We have to help the boats that come to enjoy our beautiful seas to provide tools to the captains, so that they can simply see a map and avoid it. Or they can use applications to differentiate where the sand is, and avoid posidonia. This way everybody wins.

We have a service called Posidonia Surveillance Service where large vessels can call on the VHF channel, they can consult information about where we are, some cartography or the applications that exist on the market on the website: posidonia.caib.es

Why have you decided to study these plants?

MB: Sometimes life takes you down a path and I have been lucky enough to be able to protect Posidonia. My part is not so much scientific studies, about what Posidonia is, but rather the management of how to protect it. In other words, to do this you also need to know it, obviously I must have knowledge of how its ecology works and I am passionate about that, but also what is needed in the end to protect it is how you manage the impacts and that is what I have been working on for 13 years.
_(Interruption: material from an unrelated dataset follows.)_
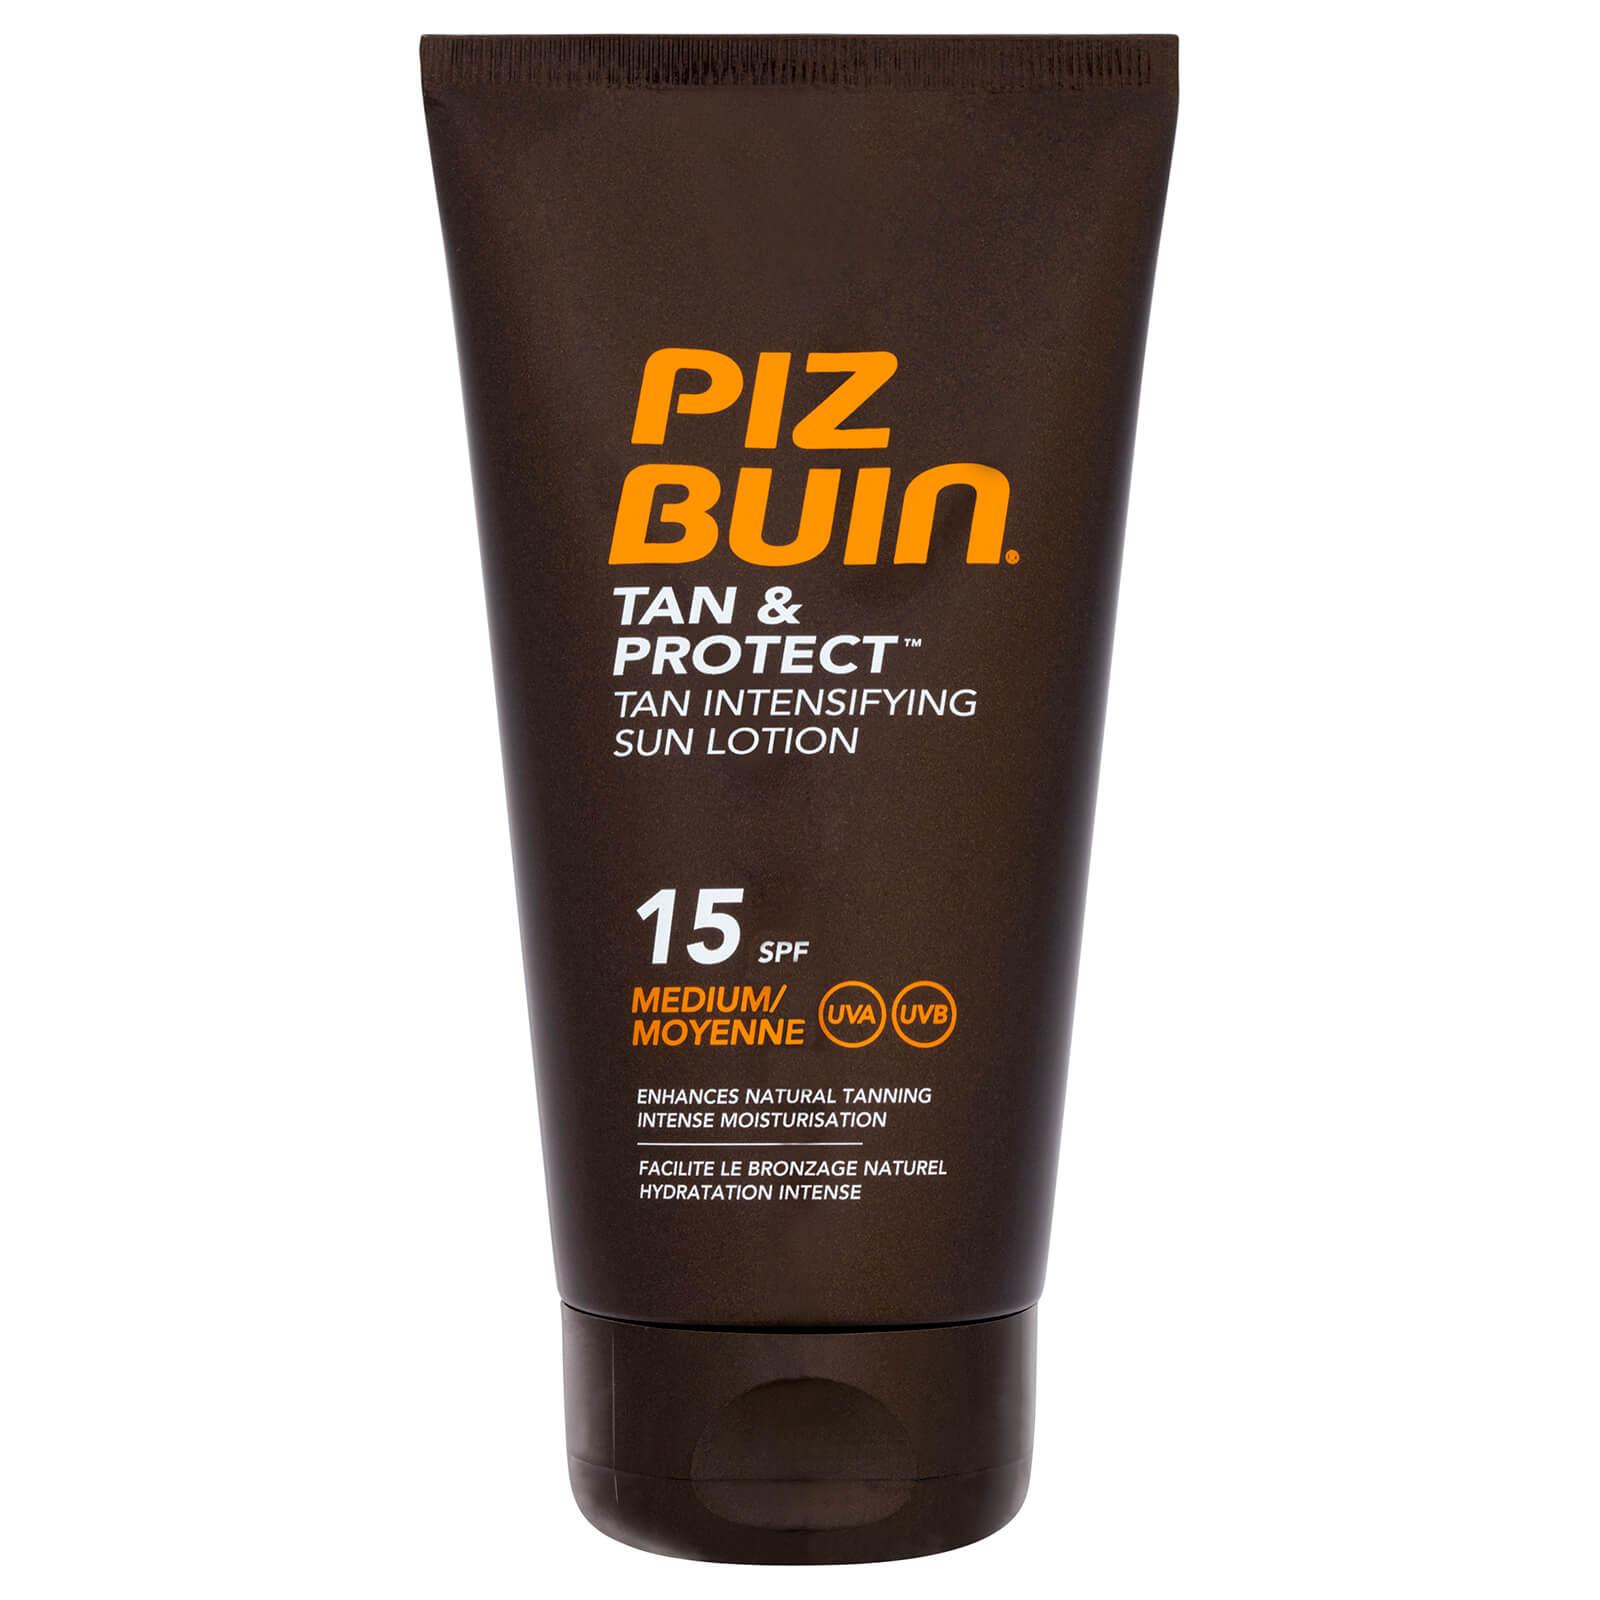 Piz Buin Crème Solaire Protectrice Intensificateur de Bronzage Tan & Protect Piz Buin – Protection Moyenne SPF15 150ml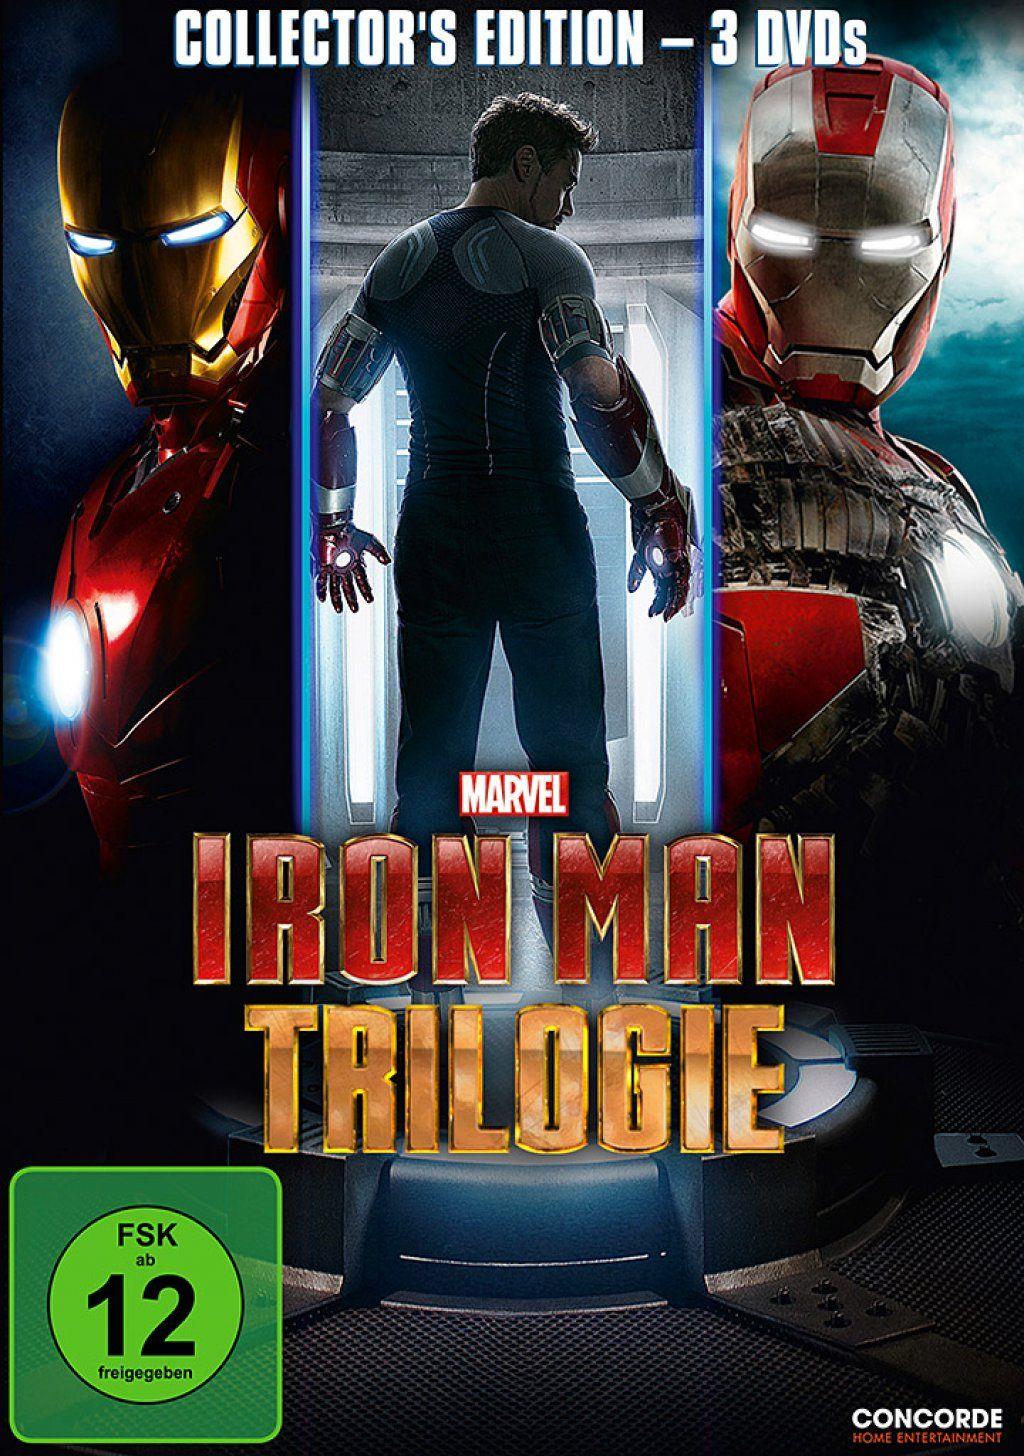 Iron Man Trilogie (3 Discs)

I started with a European project called life posidonia, where a lot of studies were done and from there, I had the opportunity to get on that big boat called Posidonia. Now we continue to help protect them.

Is there an increase for the care of Posidonia?

MB: Posidonia is already included in European directives, in the laws of the Spanish Ministry for example the Ministry of Ecological Transition, as a protected species.

The most specific laws that are being made about its protection are in France. From 24 metres upwards posidonia is protected from impacts on anchoring. Since July 2018 we have had the protection that is an autonomous decree and that exists in the Balearic Islands. At the same time, we can also say that we are getting ready to have cartography and to give sailors the tools so that they can anchor well.

How do you think we can take care of Posidonia in future?

MB: There are many useful apps to use such as the one from the Balearic government or PosidoniaMaps and DONIA APP.

With these applications you can find out where the Posidonia meadows are and if they will be affected by anchoring. You can check the appl whilst on the boat and see the cartography. Simply press the button and it indicates if it's a good place to anchor or if you could damage the Posidonia.

This is a good tool, so that sailors can anchor with peace of mind and know that they are not making any impact on the areas they’re enjoying.